The plaintiff, R&B Kapital Development LLC, appeals from orders of the circuit court of Cook County dismissing its amended complaint for negligent misrepresentation, breach of fiduciary duty and breach of contract against the defendants, North Shore Community Bank and Trust Company (North Shore) and Chicago Title and Trust Company (Chicago Title). On appeal, the plaintiff raises the following issues: (1) whether the Credit Agreements Act (the Act) (815 ILCS 160/0.01 et seq. (West 2004)) bars counts I and II of the amended complaint; (2) whether the amended complaint alleged sufficient facts to support causes of action for negligent misrepresentation and breach of fiduciary duty; and (3) whether waiver and estoppel defenses bar the plaintiffs cause of action for breach of the escrow agreement. The pertinent factual allegations of the amended complaint are set forth below.

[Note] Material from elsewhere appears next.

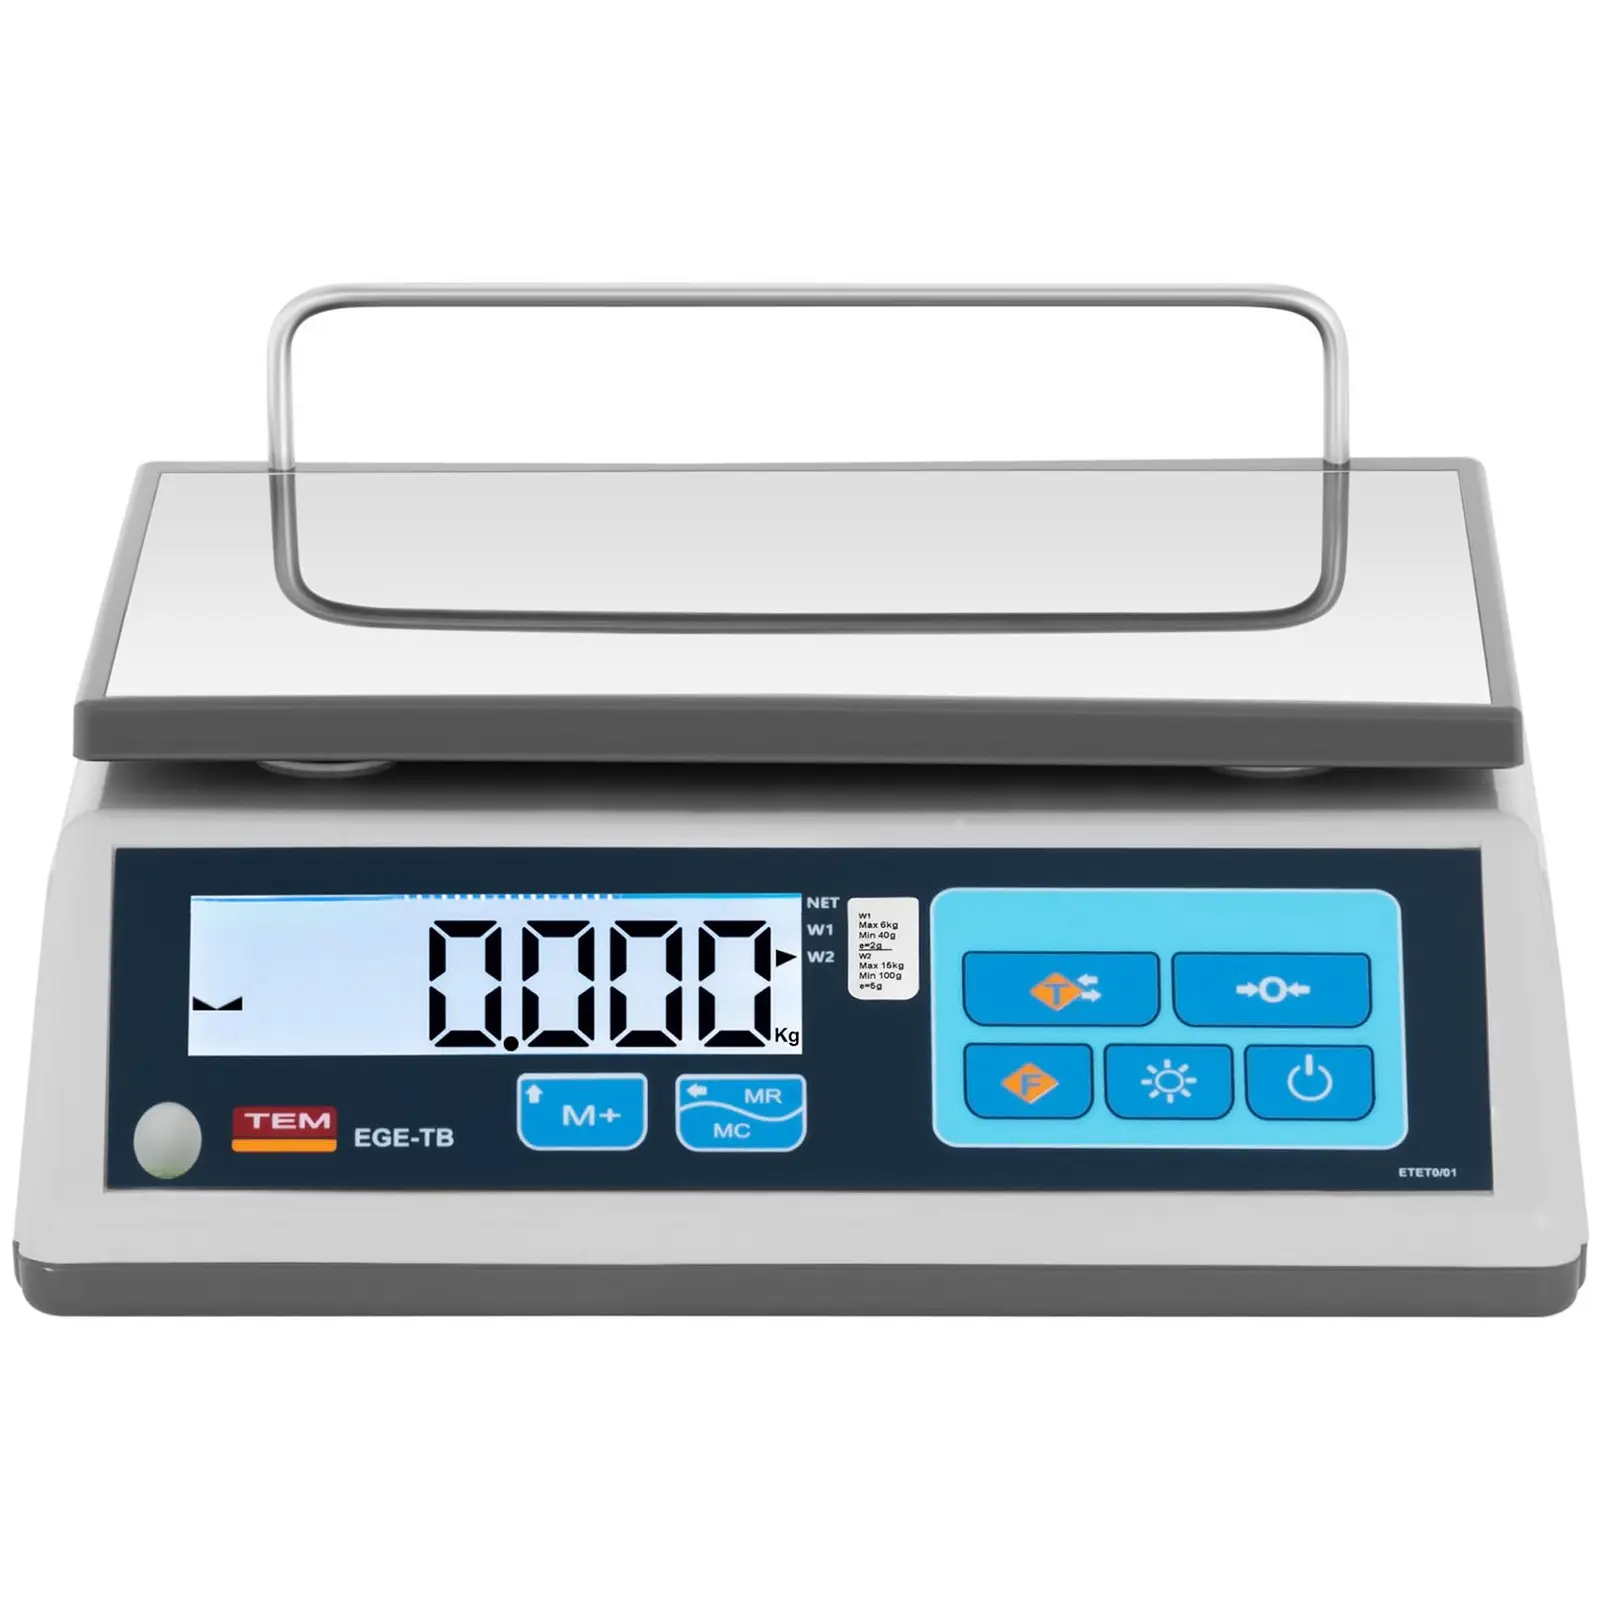 Asztali mérleg - hitelesített - 15 kg / 5 g - LCD - memória

In the fall of 2000, Robert Beevers, the plaintiffs agent, applied for a construction loan at North Shore for the renovation of property owned by the plaintiff. Mr. Beevers dealt with Ann Tyler, the loan administration officer, and Lauretta Burke, senior vice-president of North Shore. During the processing of the loan, Mr. Beevers apprised North Shore of the plaintiffs prior bad experiences in its dealings with construction companies and construction financing. Either or both Ms. Tyler and Ms. Burke represented to Mr. Beevers that North Shore was experienced in construction financing and would assist the plaintiff in setting up a secure procedure. North Shore prepared a construction loan escrow trust and disbursing agreement (the escrow agreement). The escrow agreement provided that Chicago Title would act as the disbursing agent for the construction and related development costs. The plaintiff and North Shore executed the escrow agreement on October 16, 2000.

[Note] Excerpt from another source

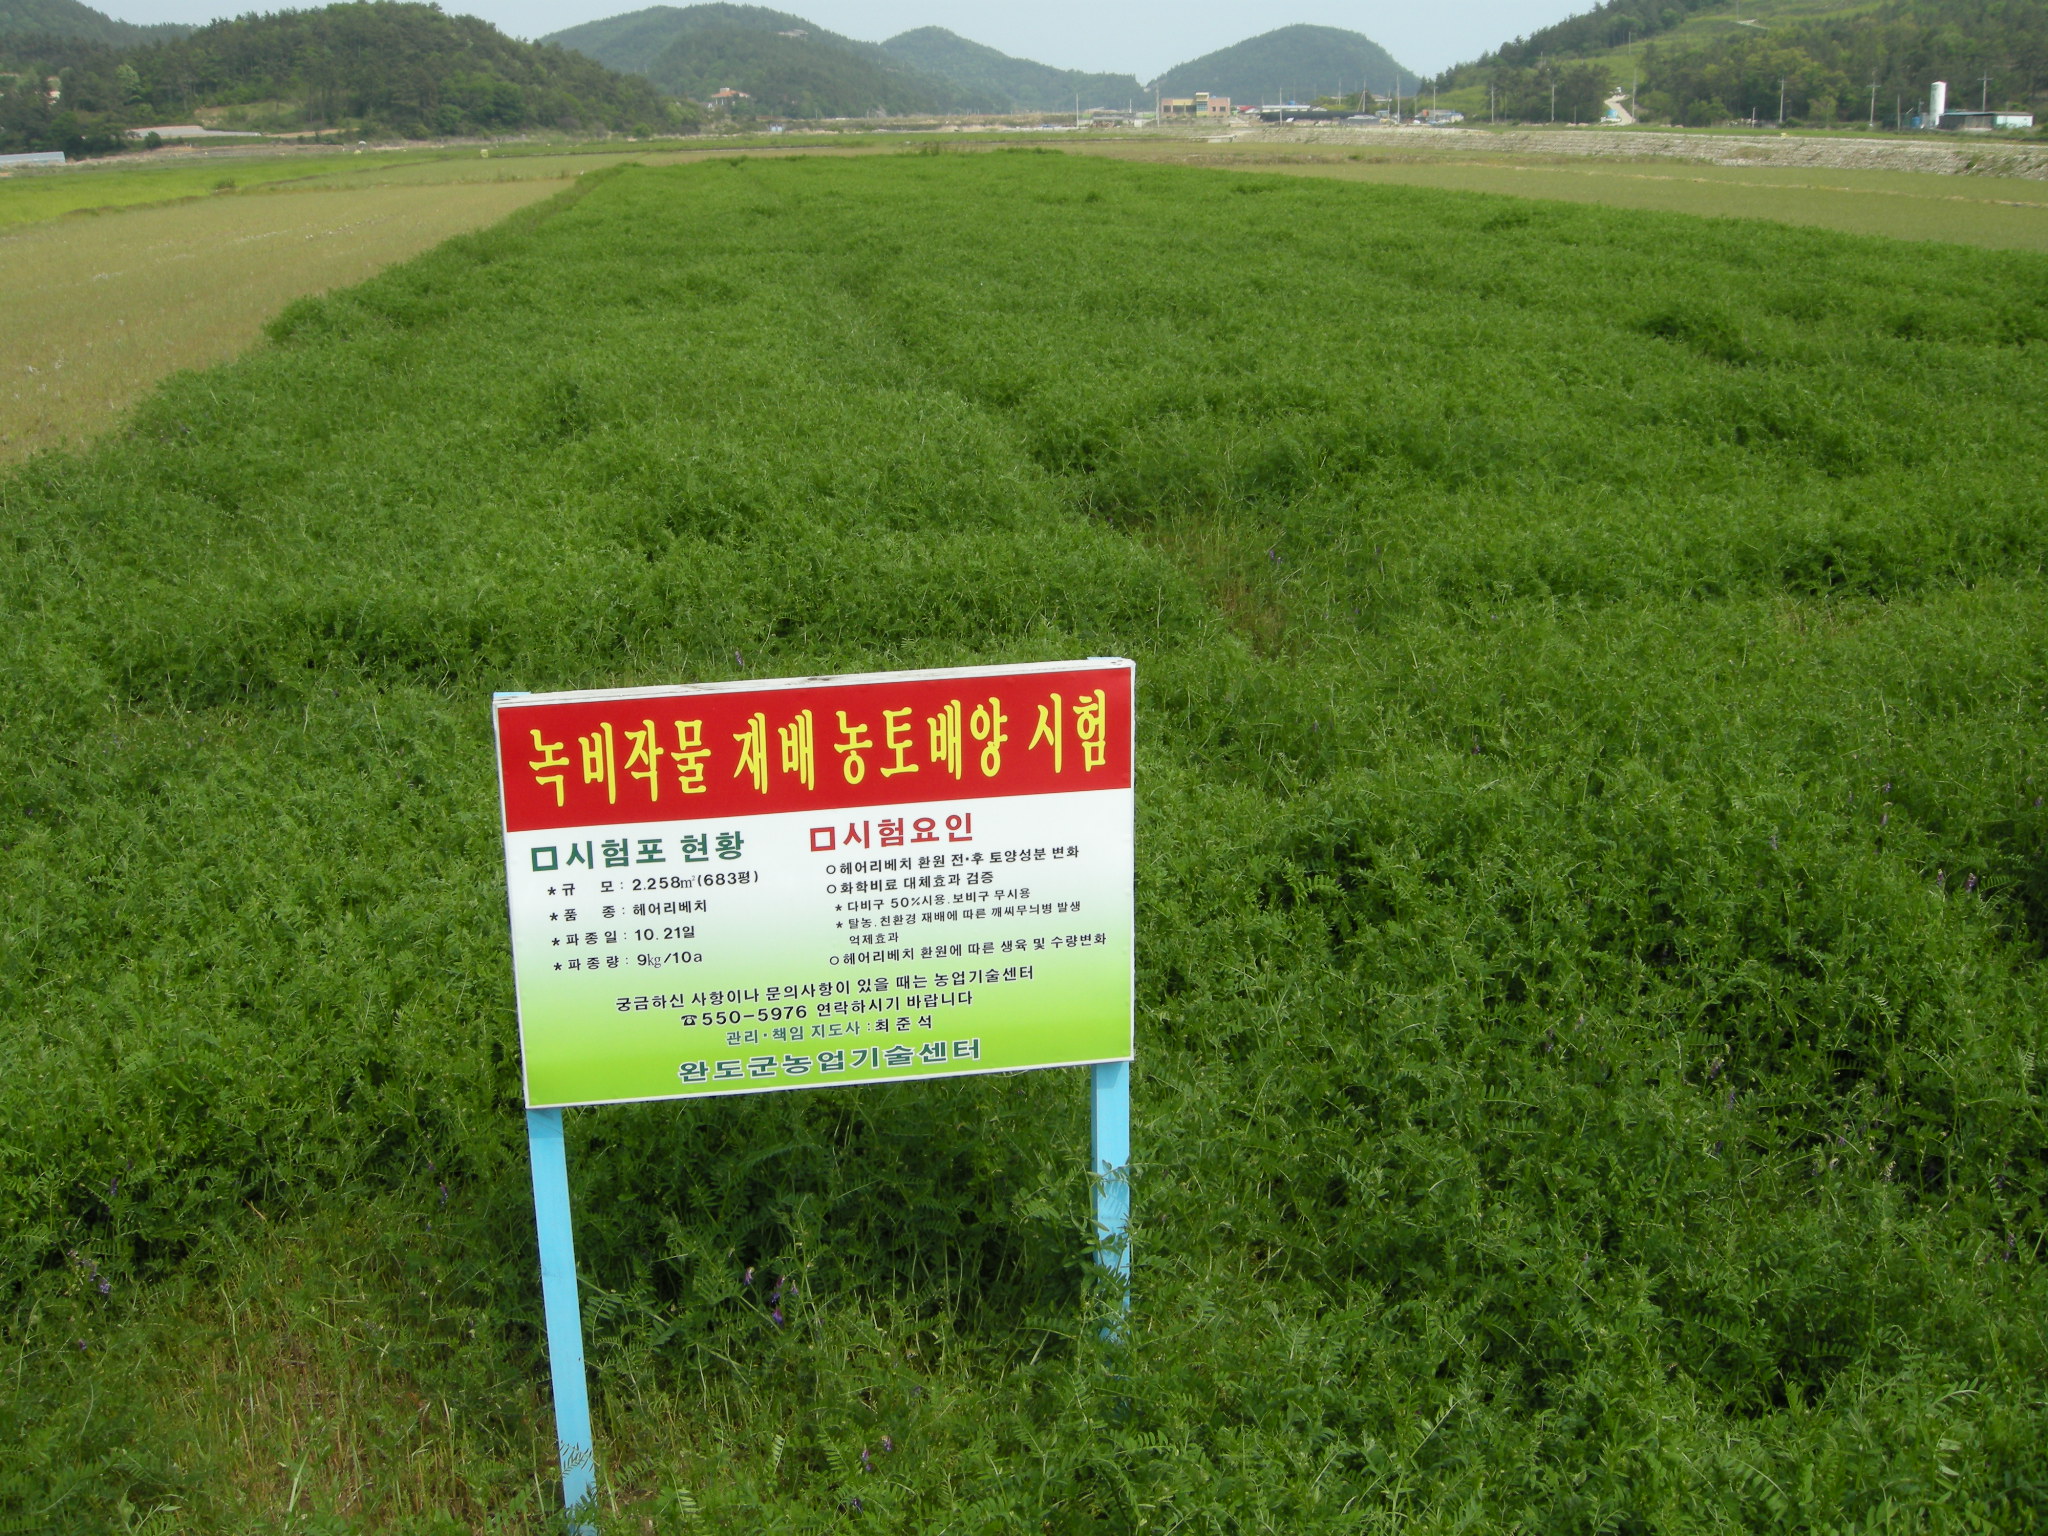 고품질 쌀 생산을 위한 농토배양에 총력

On December 6, 2000, based on the representations of North Shore and its officers, the plaintiff executed the loan documents, which included a disbursement request and authorization. The disbursement request authorized $981,505 in loan funds to be issued to Chicago Title to fund the escrow. At the time of the closing of the loan, North Shore paid four subcontractors, all of whom had been hired by the plaintiffs previous general contractor. Ms. Tyler collected and inspected the subcontractors’ lien waivers and authorized payment to them. The plaintiffs new general contractor, Tenant Improvements, was also paid for work to date, leaving a balance of $581,109.25 in the escrow.

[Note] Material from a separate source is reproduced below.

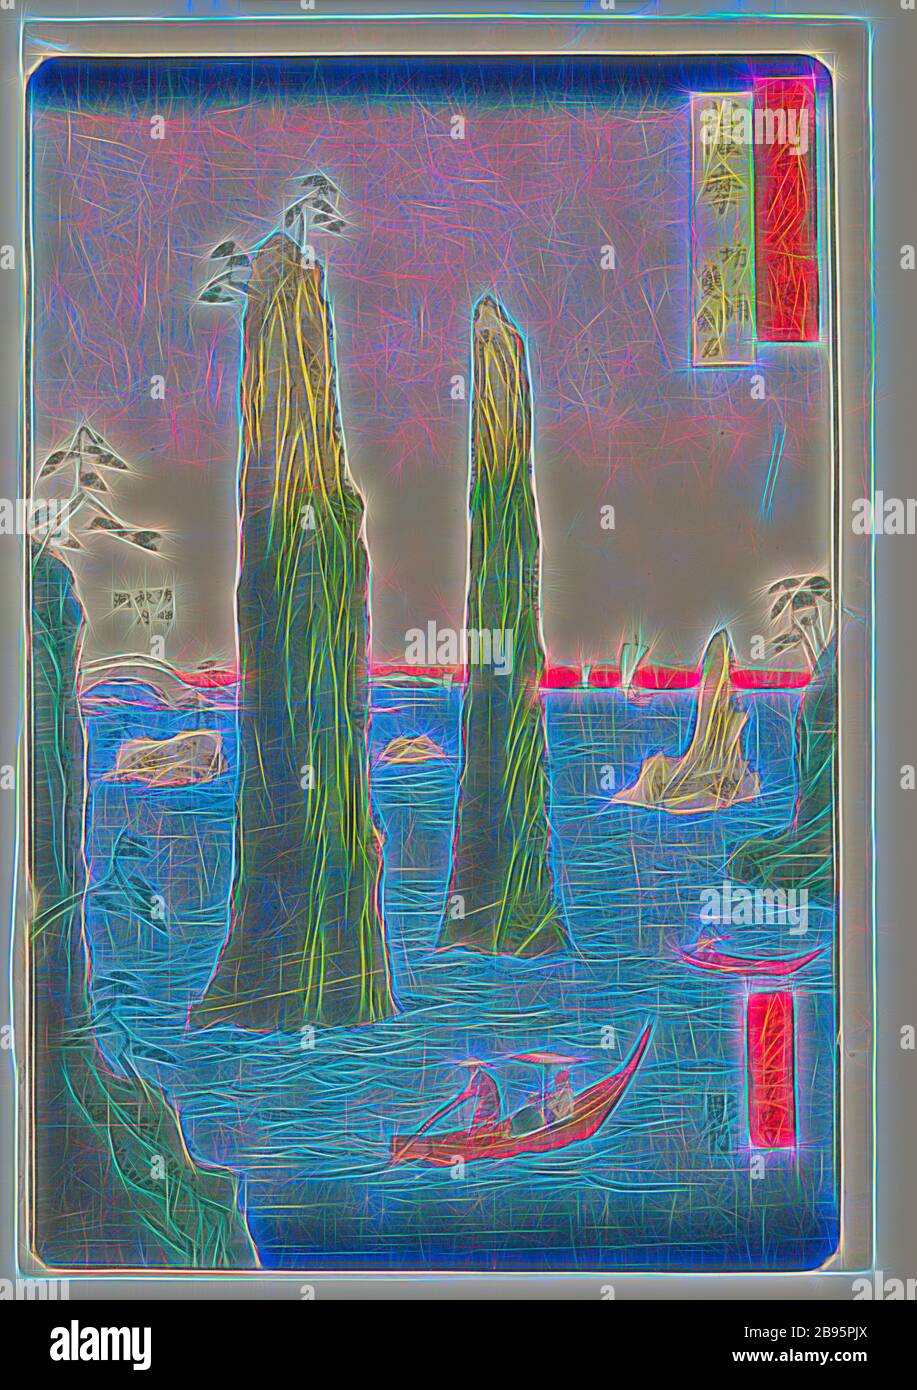 Satsuma, Utagawa Hiroshige 歌川広重 (Japanisch, 1797-1858), Yokogawa Takejirō, Kupferstecher (Japanisch), Edo, 1856. (Dragon 3), Tusche auf Papier, Farbholzschnitt, 13-3/8 x 8-7/8 Zoll, signiert: Hiroshige hitsu Censor's Seal: Aratame, anderer Titel, Untertitel: Zwillingsschwert Felsen bei Bo no Ura, Serie, berühmte Orte in den sechzig-ungeraden Provinzen 六十余州名所図絵, Asiatische Kunst, neu gestaltet von Gibon, Design von warmen fröhlich glühenden Helligkeit und Lichtstrahlen Ausstrahlung. Klassische Kunst neu erfunden mit einem modernen Twist. Fotografie inspiriert von Futurismus, umarmt dynamische Energie der modernen Technologie, Bewegung, Geschwindigkeit und revolutionieren Cu Stockfoto

Ms. Tyler established a procedure for the construction draws against the escrow. North Shore would fill out an “Owners Payment Authorization,” a “Sworn Owner’s Statement to Chicago Title Insurance Company” and a “Certificate of Completion.” Ms. Tyler would fax the documents to Mr. Beevers to verify that the work identified on the documents was complete and, if so, he was to execute the documents on behalf of the plaintiff. Under this procedure, payments from the escrow were made to Tenant Improvements, $150,000; Edwards Engineering, Inc., $143,000; and another $215,000 to Tenant Improvements. While the work had been completed, Mr. Beevers had no way of knowing that the subcontractors were not listed for payment and were not going to be paid; he relied on Ms. Tyler’s representations that the proper construction loan procedure had been established.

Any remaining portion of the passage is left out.